= ASSIGNMENT =
Leaving the pictures aside, repeat every line below exactly.

= DATA EXTRACT =
----

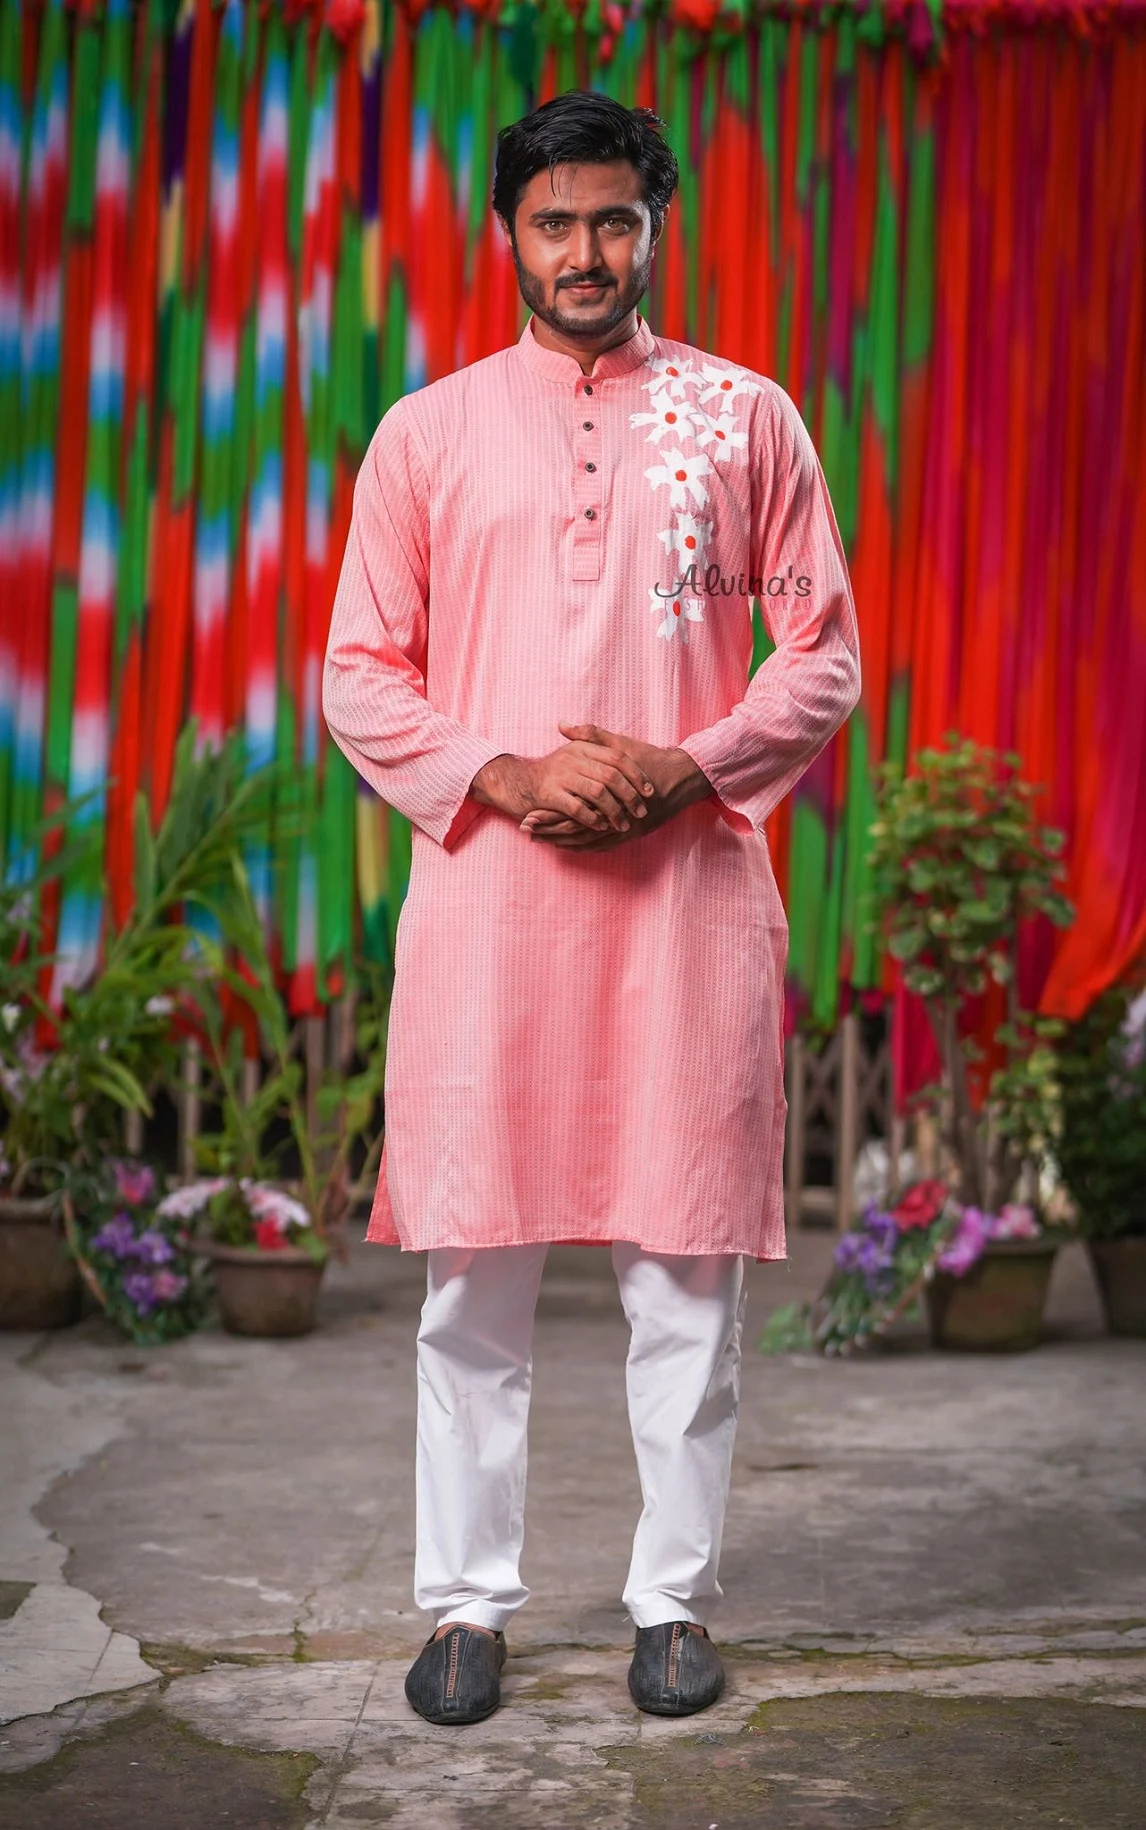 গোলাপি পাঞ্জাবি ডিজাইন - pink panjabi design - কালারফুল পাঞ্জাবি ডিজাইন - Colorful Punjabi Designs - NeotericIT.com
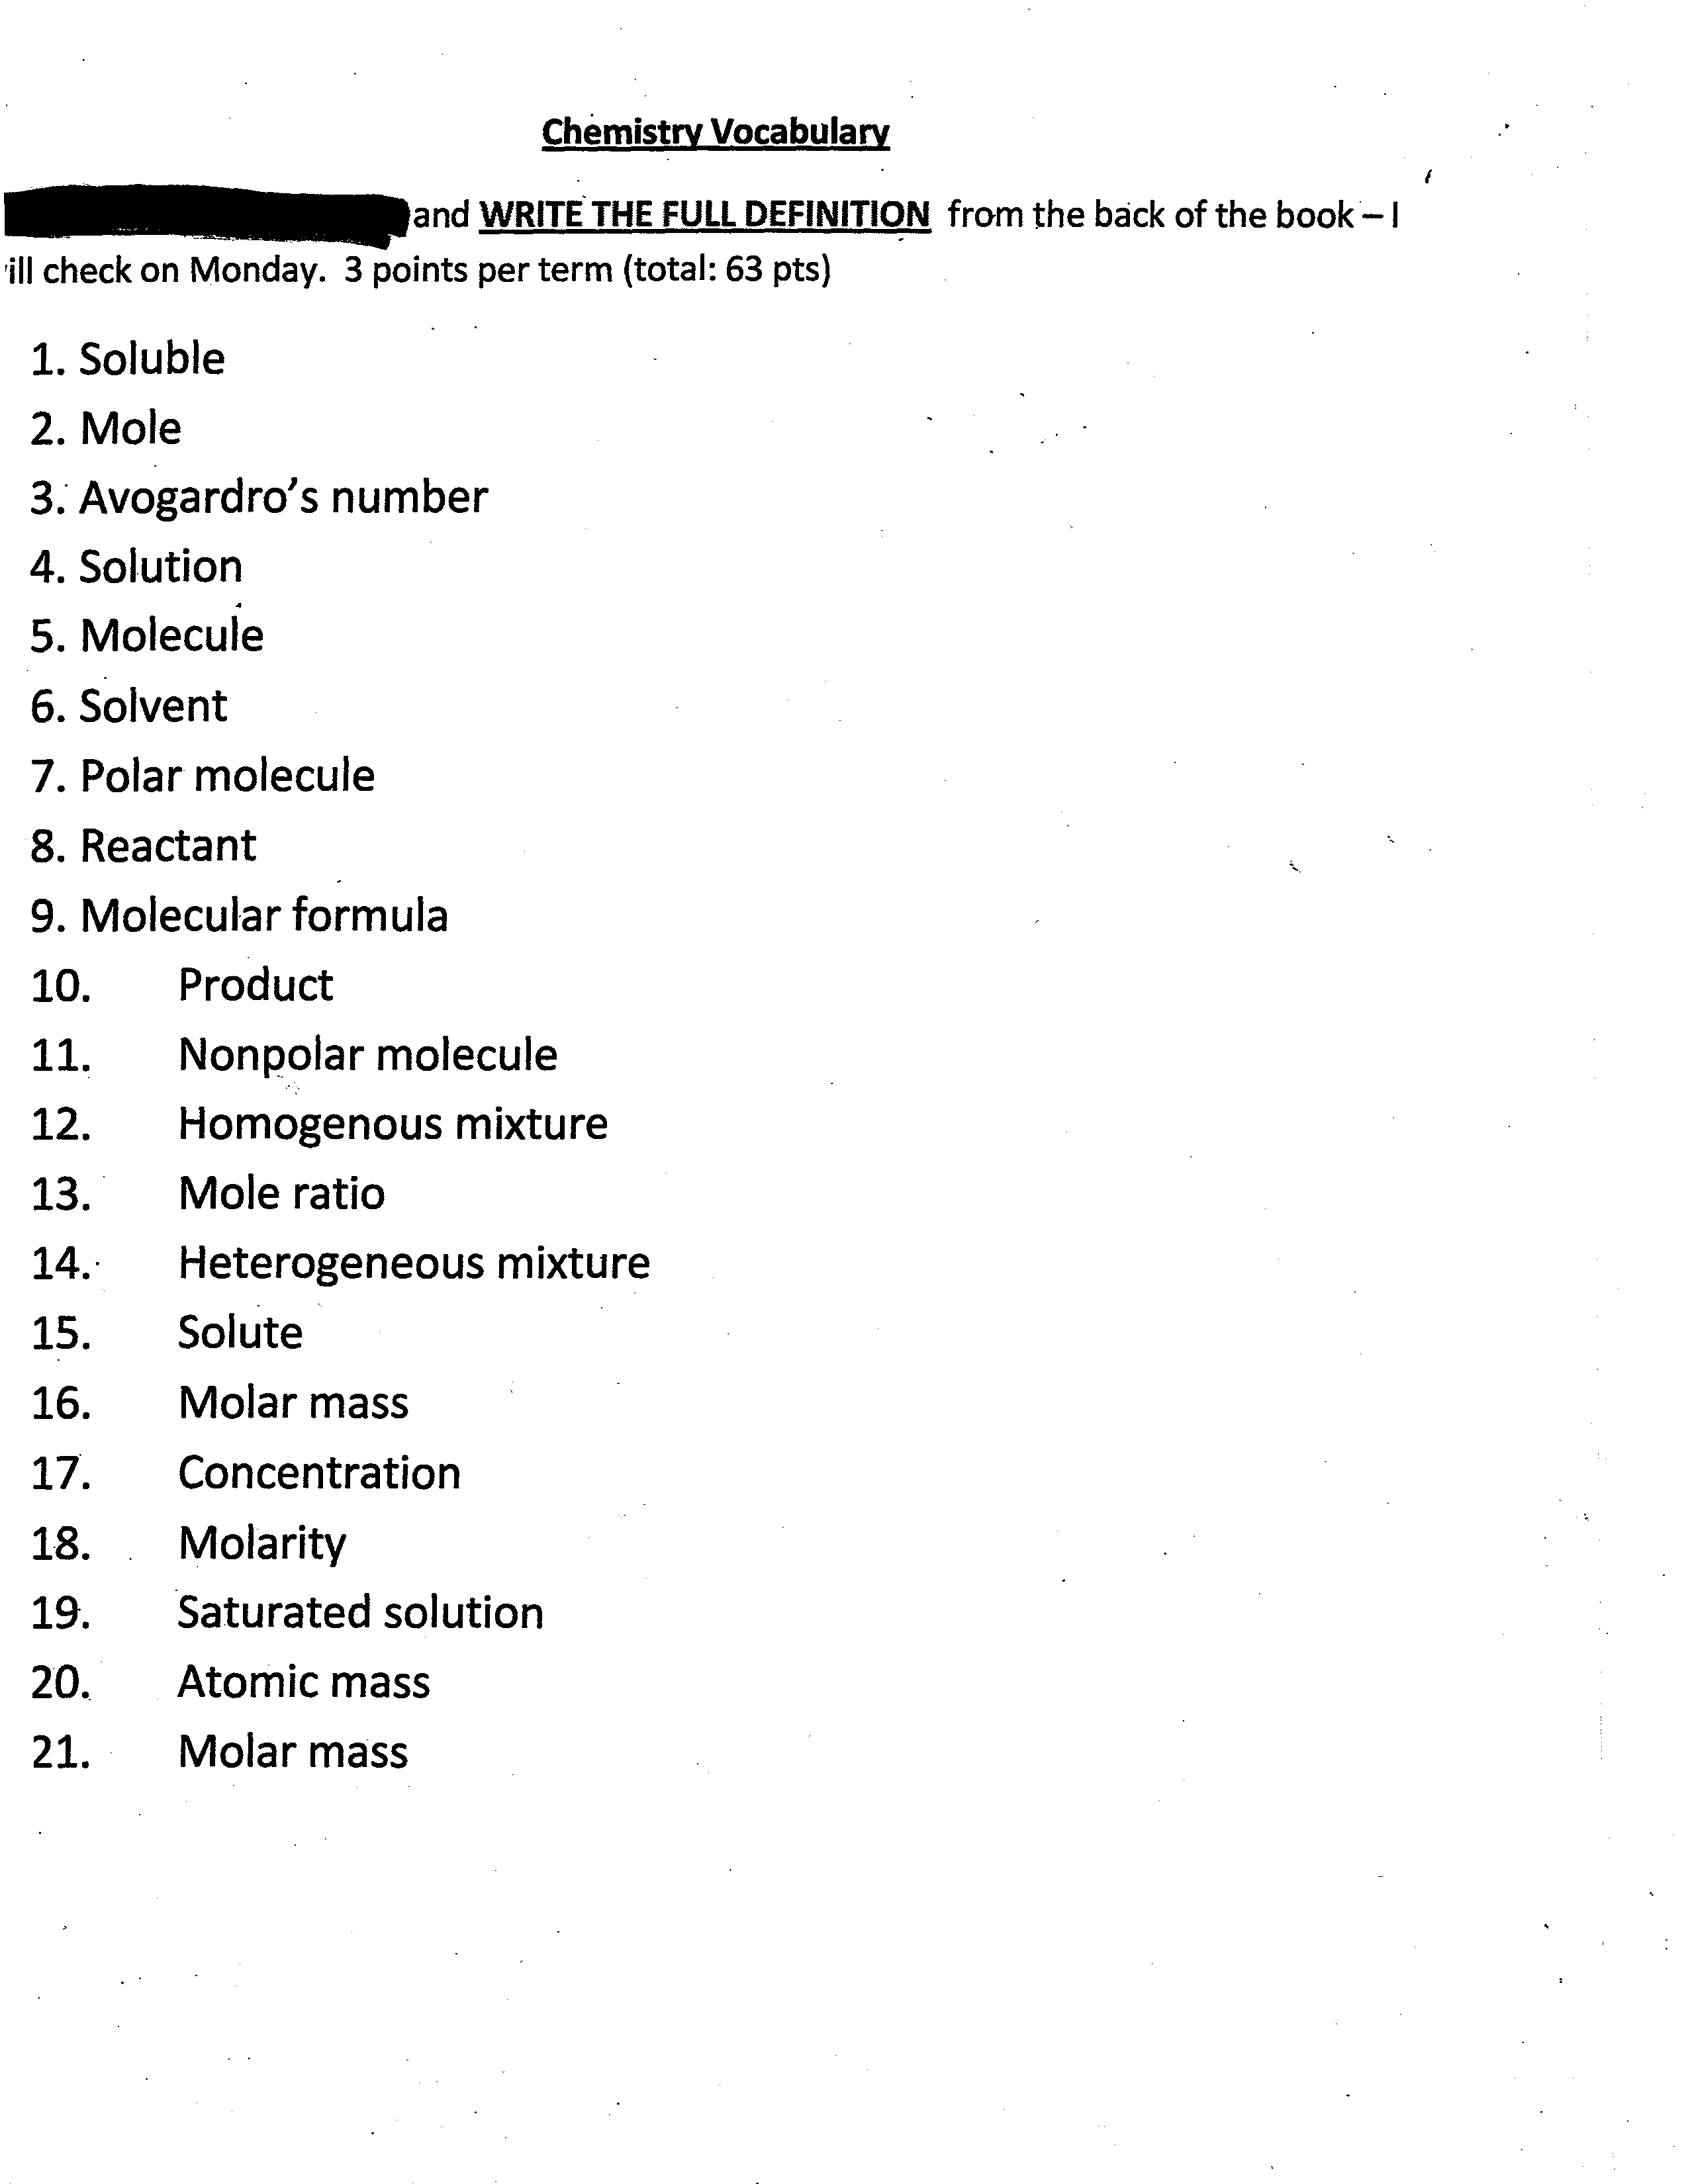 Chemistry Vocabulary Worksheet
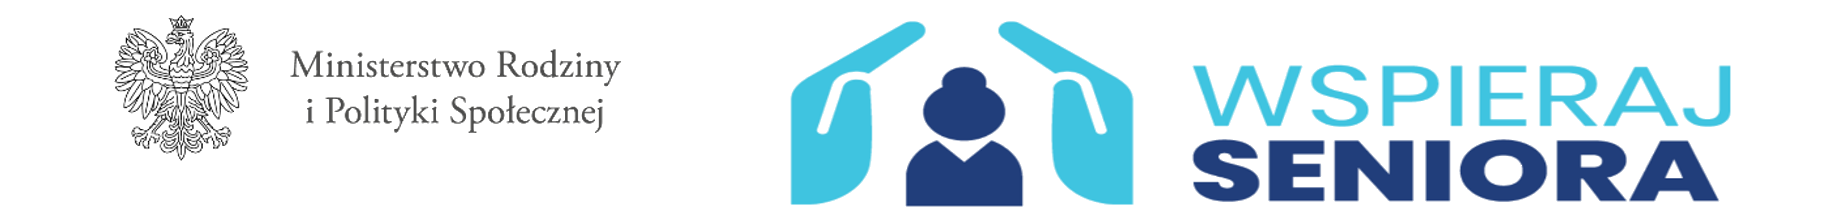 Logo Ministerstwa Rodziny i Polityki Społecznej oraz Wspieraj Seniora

----

= ANSWER BELOW =
 গোলাপি পাঞ্জাবি ডিজাইন - pink panjabi design - কালারফুল পাঞ্জাবি ডিজাইন - Colorful Punjabi Designs - NeotericIT.com
 Chemistry Vocabulary Worksheet
 Logo Ministerstwa Rodziny i Polityki Społecznej oraz Wspieraj Seniora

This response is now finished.